* _Task details_
Print out the data below in full and exactly, skipping the pictures.

* _Recorded information_
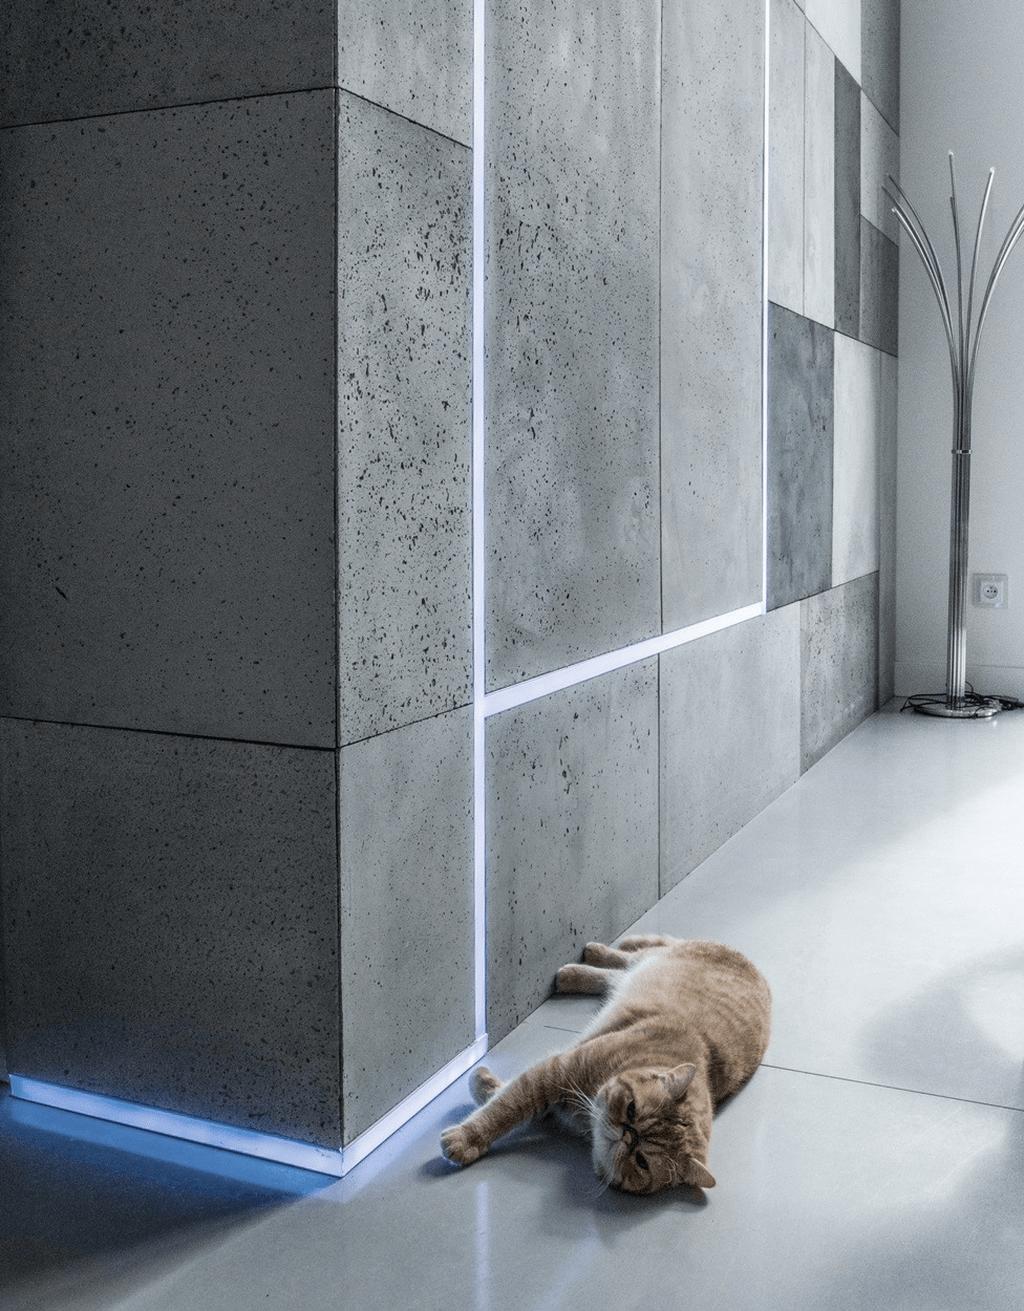 Tiles Design For Living Room Wall: 36 Lovely Tile Wall For Living Room Decorations
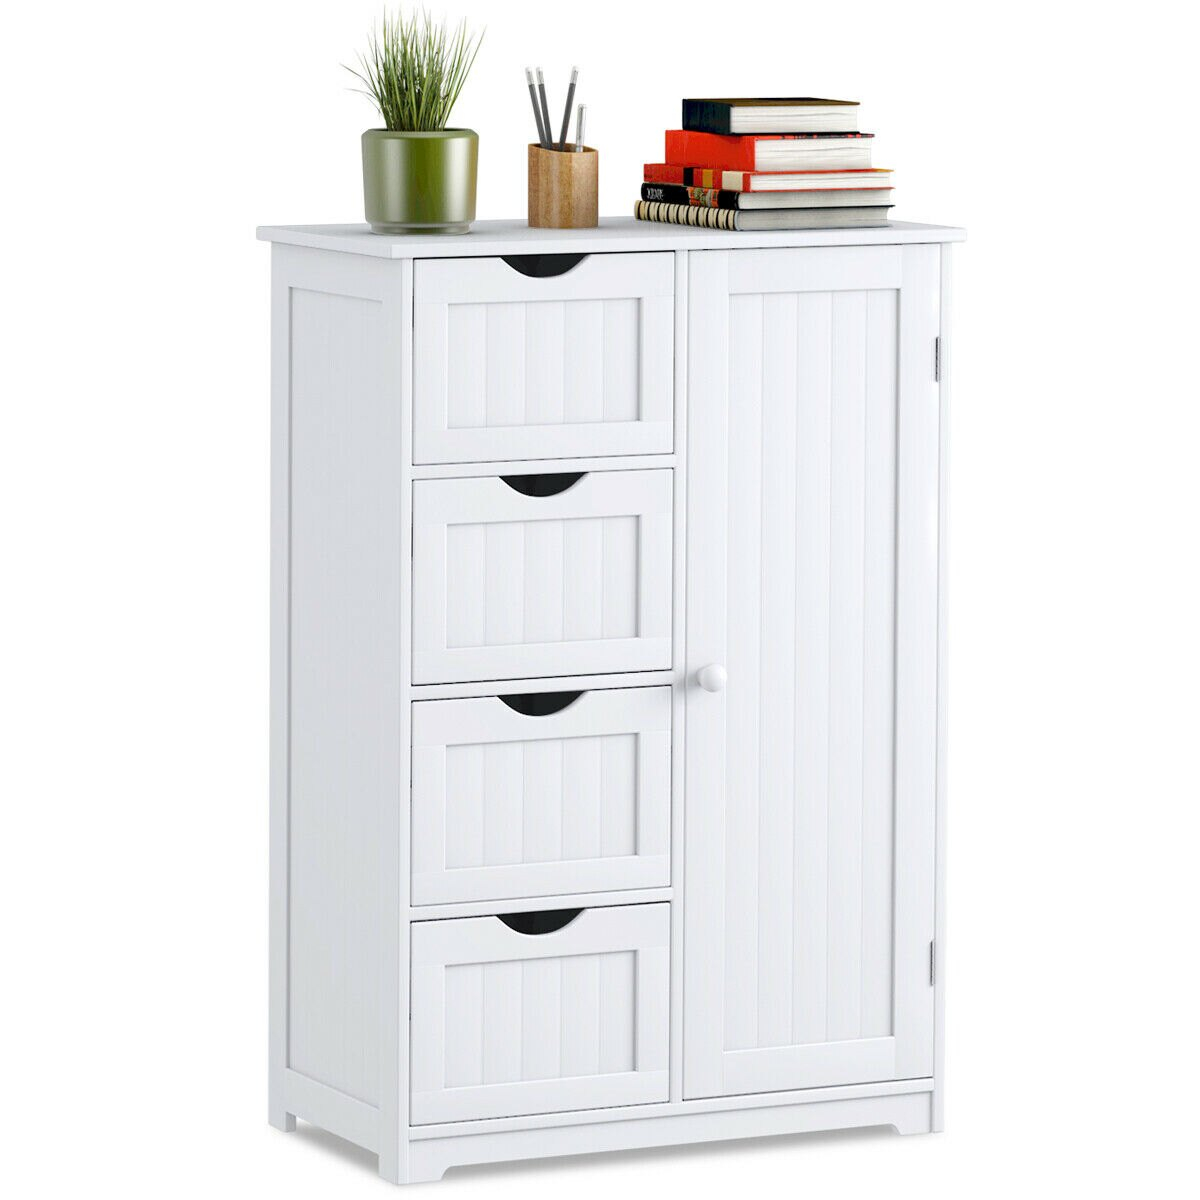 Costway Costway Wooden 4 Drawer Bathroom Cabinet Storage Cupboard 2 Shelves Free Standing White Rakuten regarding size 1200 X 1200
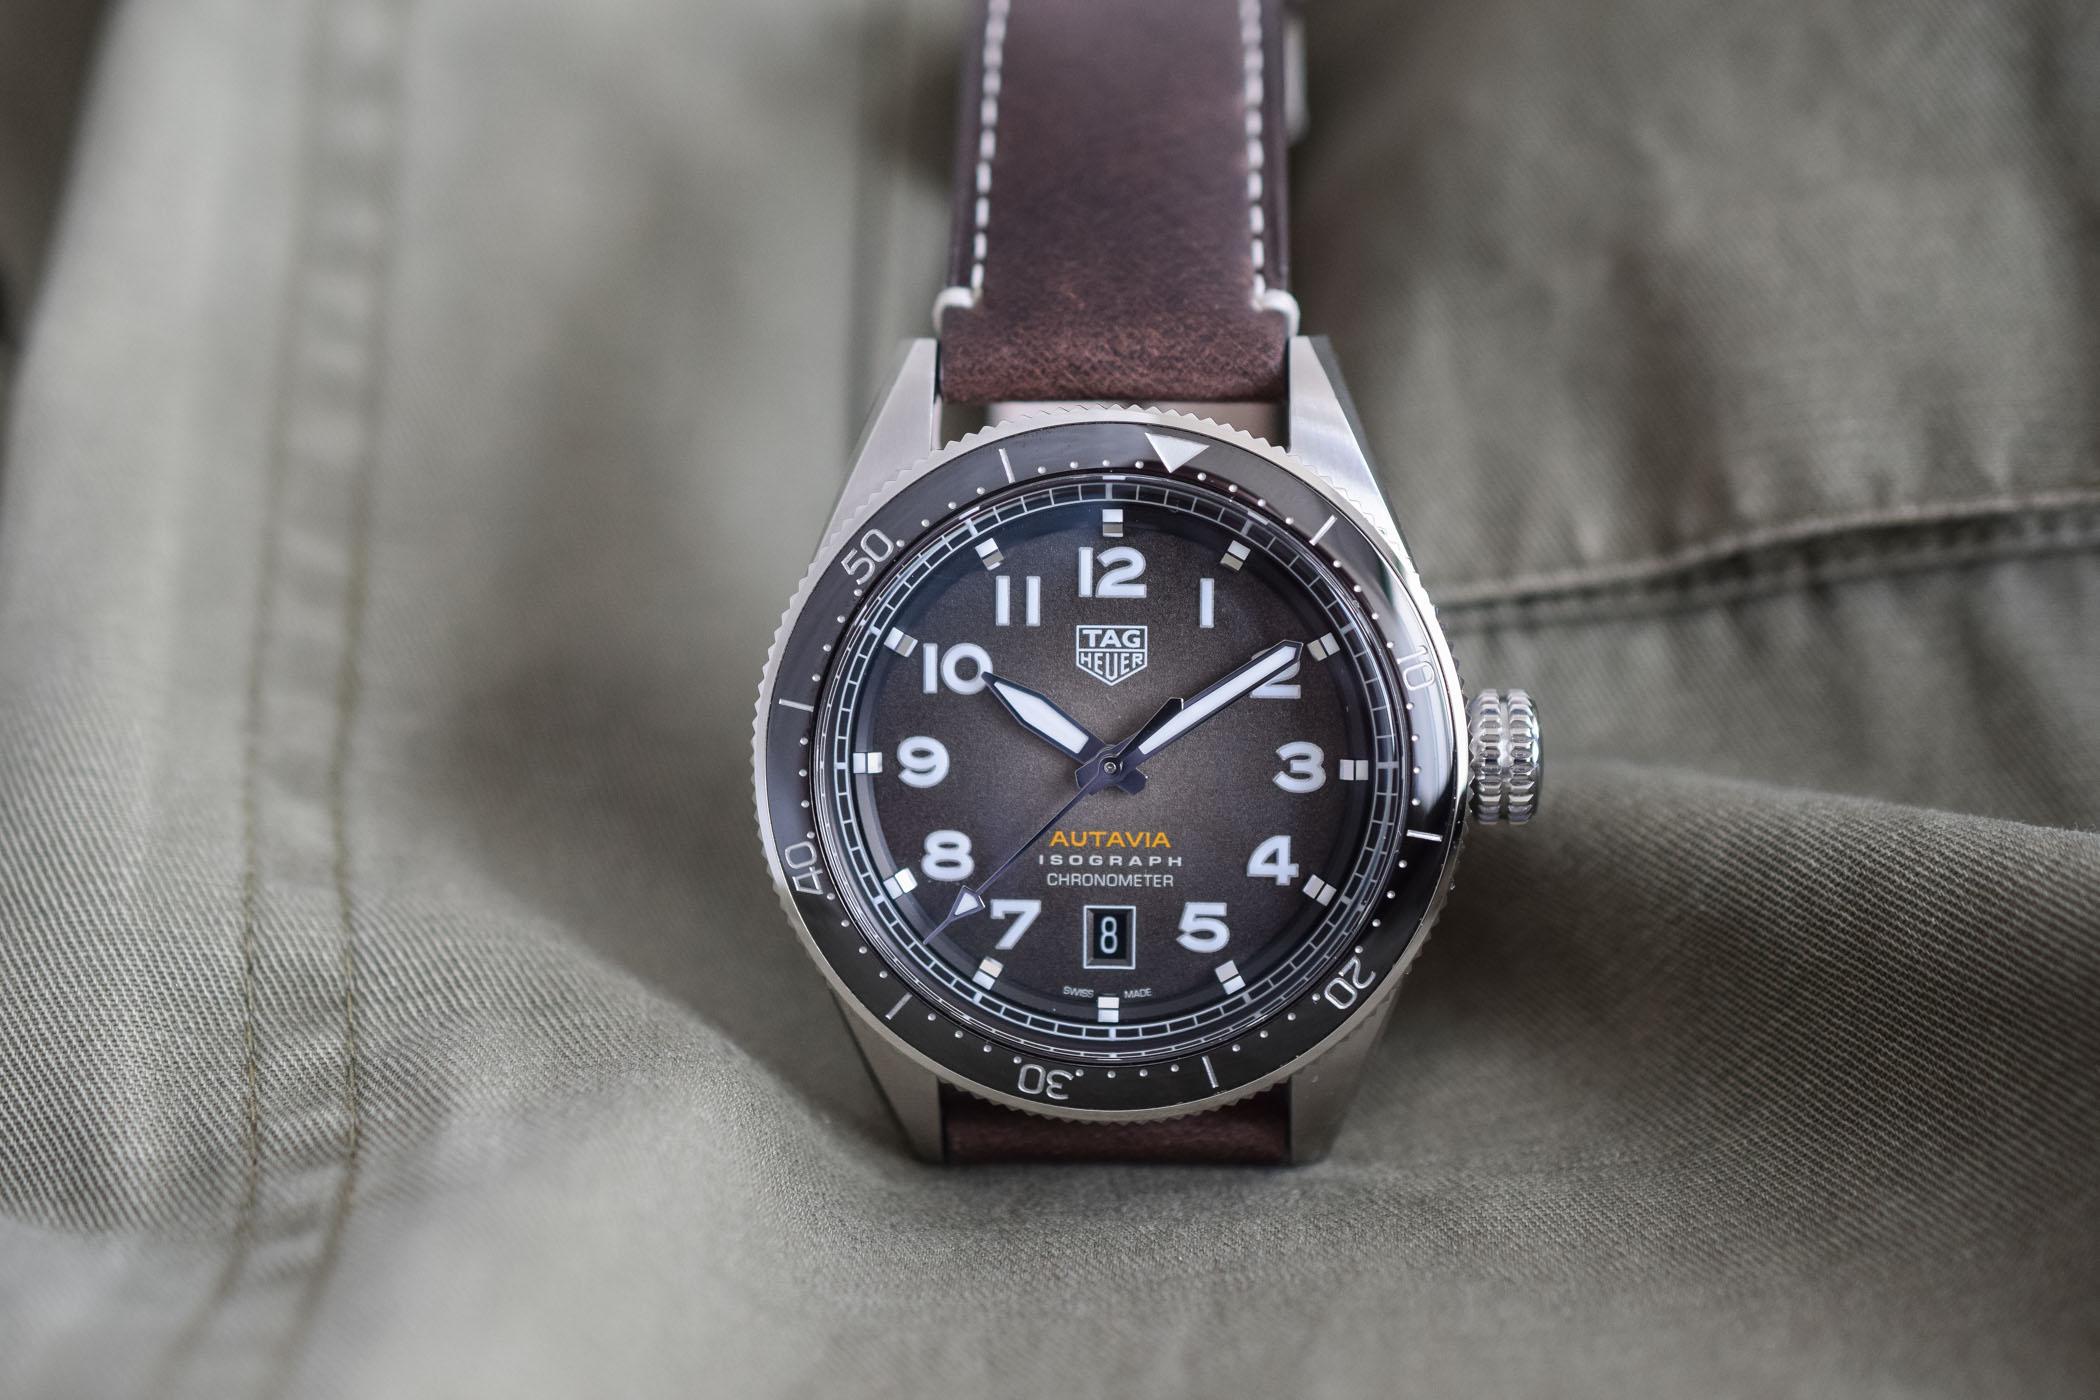 TAG Heuer Autavia Isograph Chronometer - Baselworld 2019 - 8

* _Task answer_
 Tiles Design For Living Room Wall: 36 Lovely Tile Wall For Living Room Decorations
 Costway Costway Wooden 4 Drawer Bathroom Cabinet Storage Cupboard 2 Shelves Free Standing White Rakuten regarding size 1200 X 1200
 TAG Heuer Autavia Isograph Chronometer - Baselworld 2019 - 8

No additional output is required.